## What you have to do:
The full listing is to be transcribed exactly, with each picture left out.

## Provided material:
----
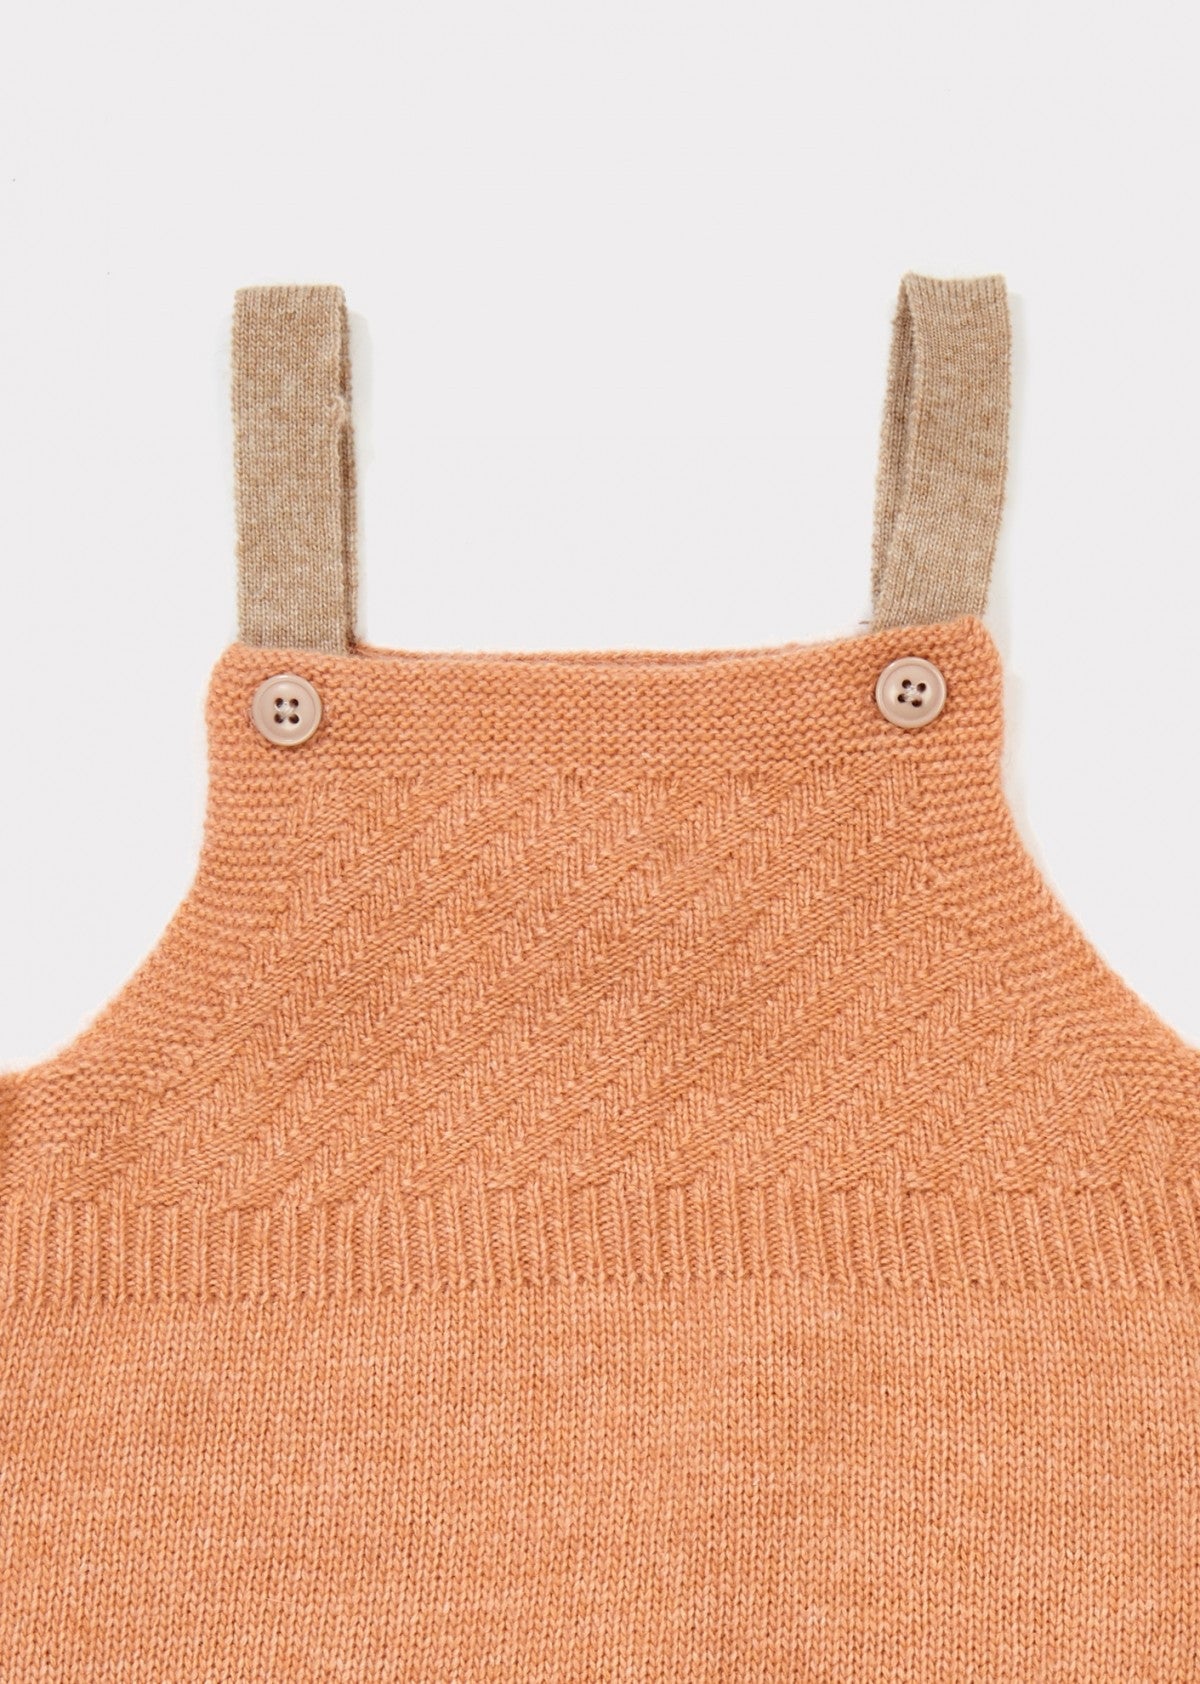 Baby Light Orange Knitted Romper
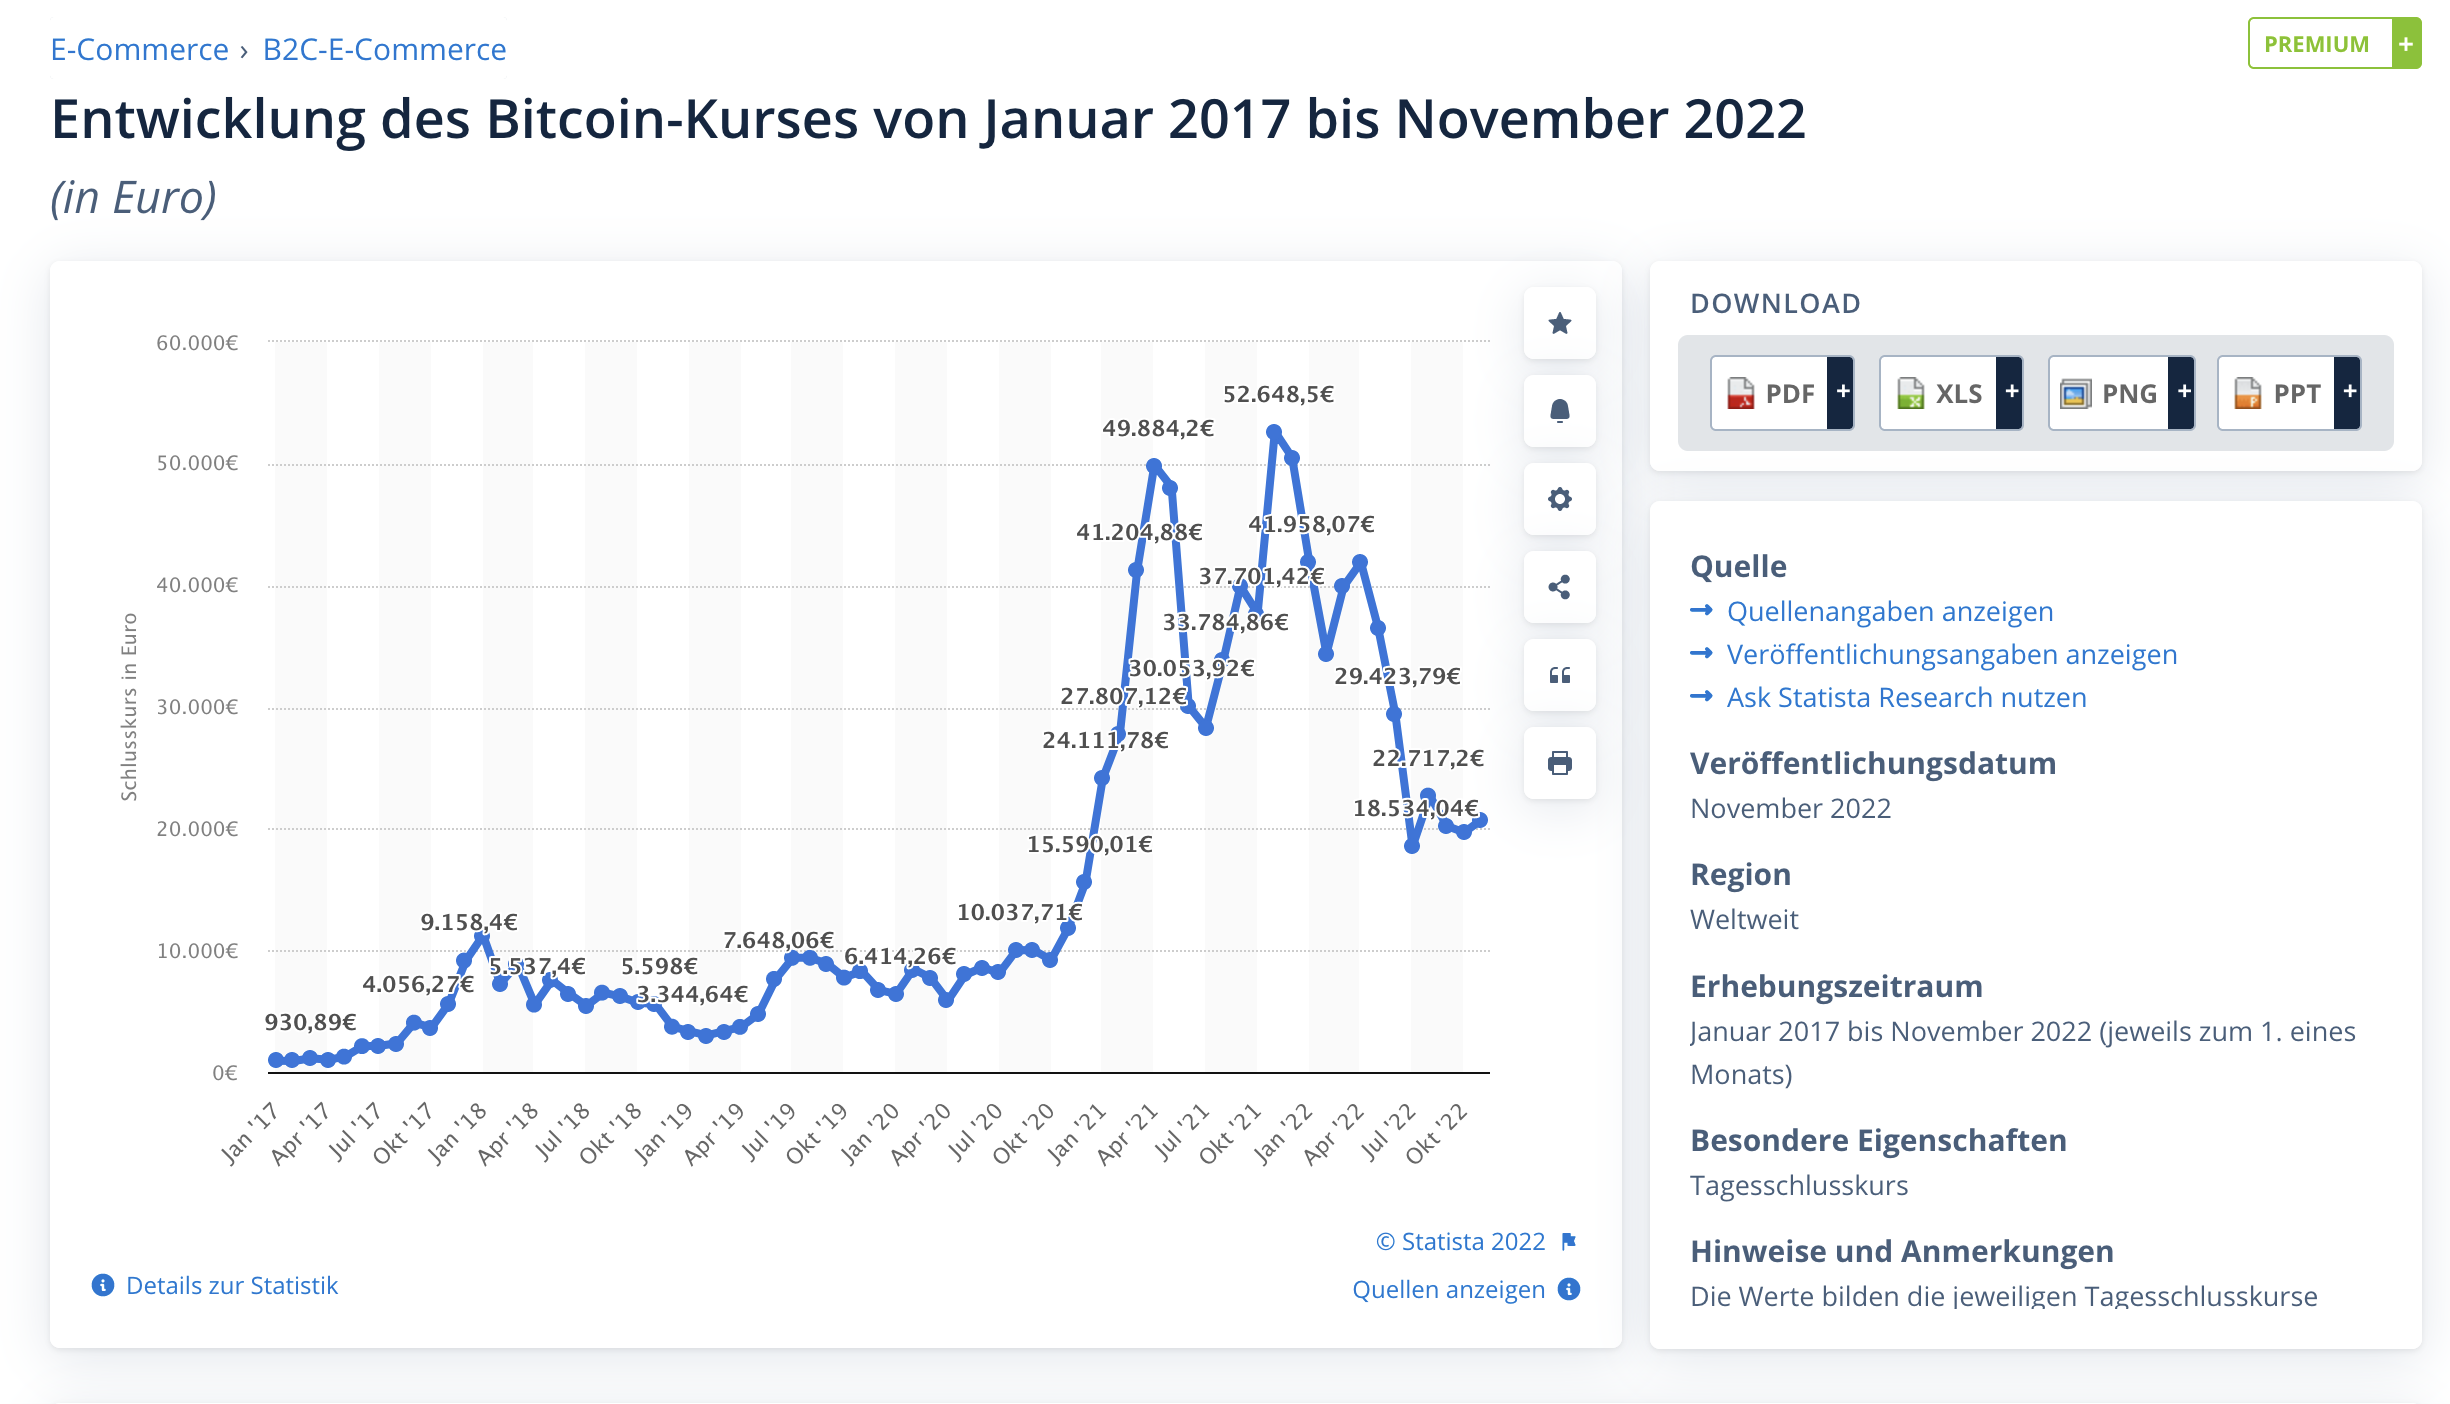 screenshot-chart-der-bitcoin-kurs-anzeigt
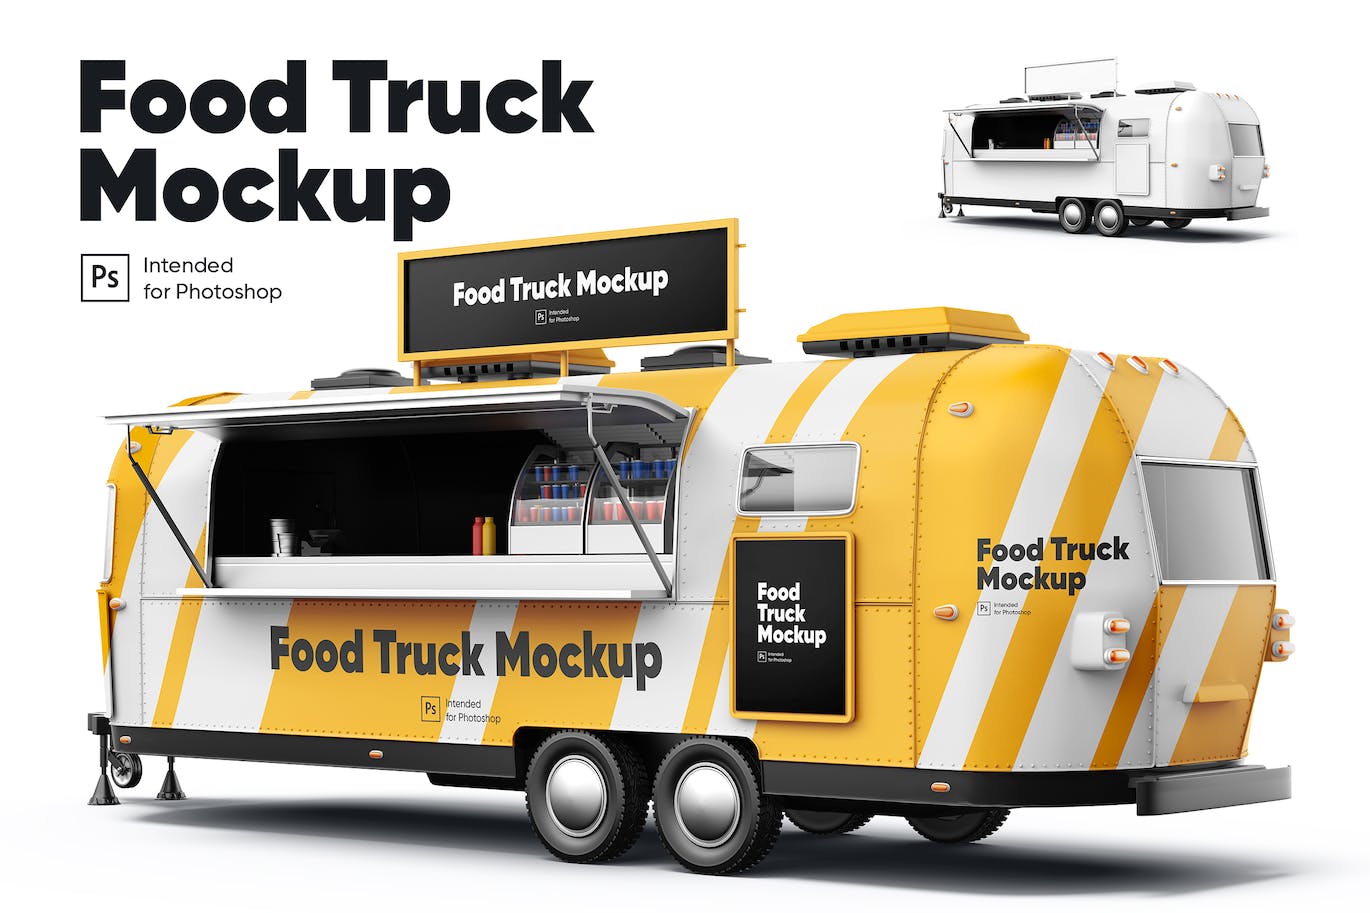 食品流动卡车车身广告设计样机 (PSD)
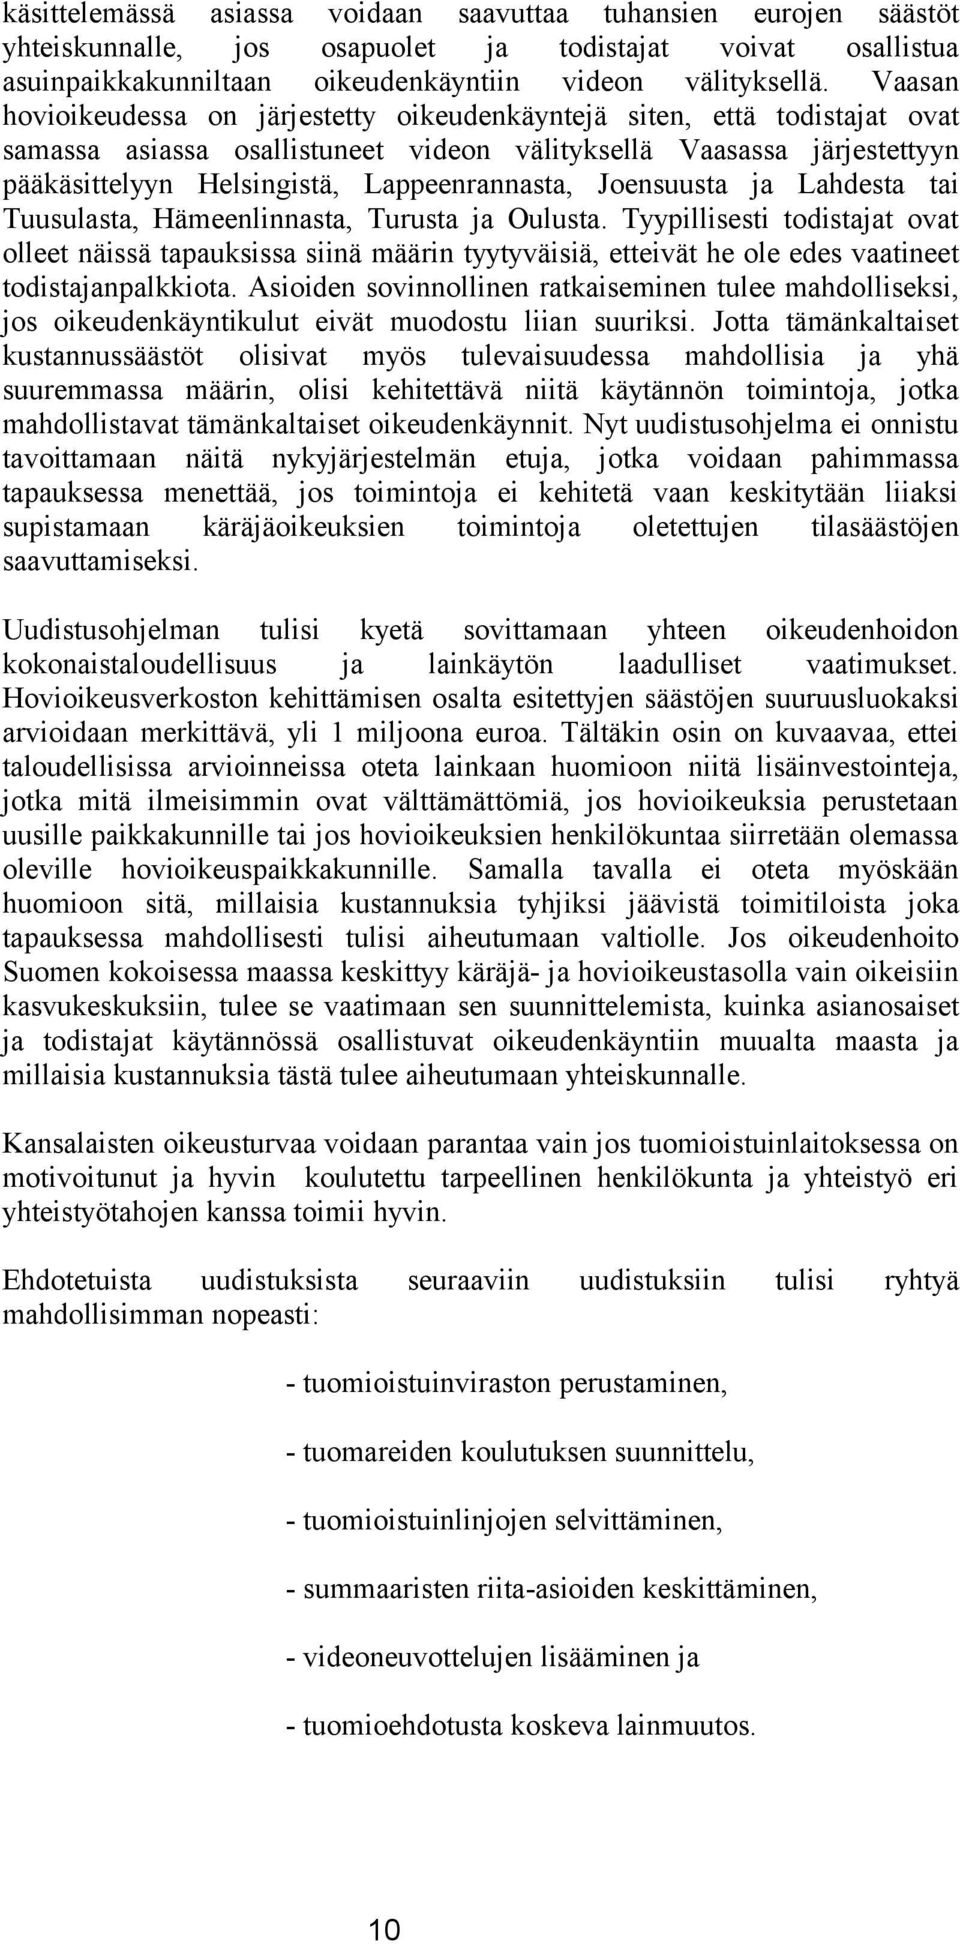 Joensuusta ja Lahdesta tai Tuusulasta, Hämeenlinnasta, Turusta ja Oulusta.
----
## Task result:
 Baby Light Orange Knitted Romper
 screenshot-chart-der-bitcoin-kurs-anzeigt
 食品流动卡车车身广告设计样机 (PSD)
 Joensuusta ja Lahdesta tai Tuusulasta, Hämeenlinnasta, Turusta ja Oulusta.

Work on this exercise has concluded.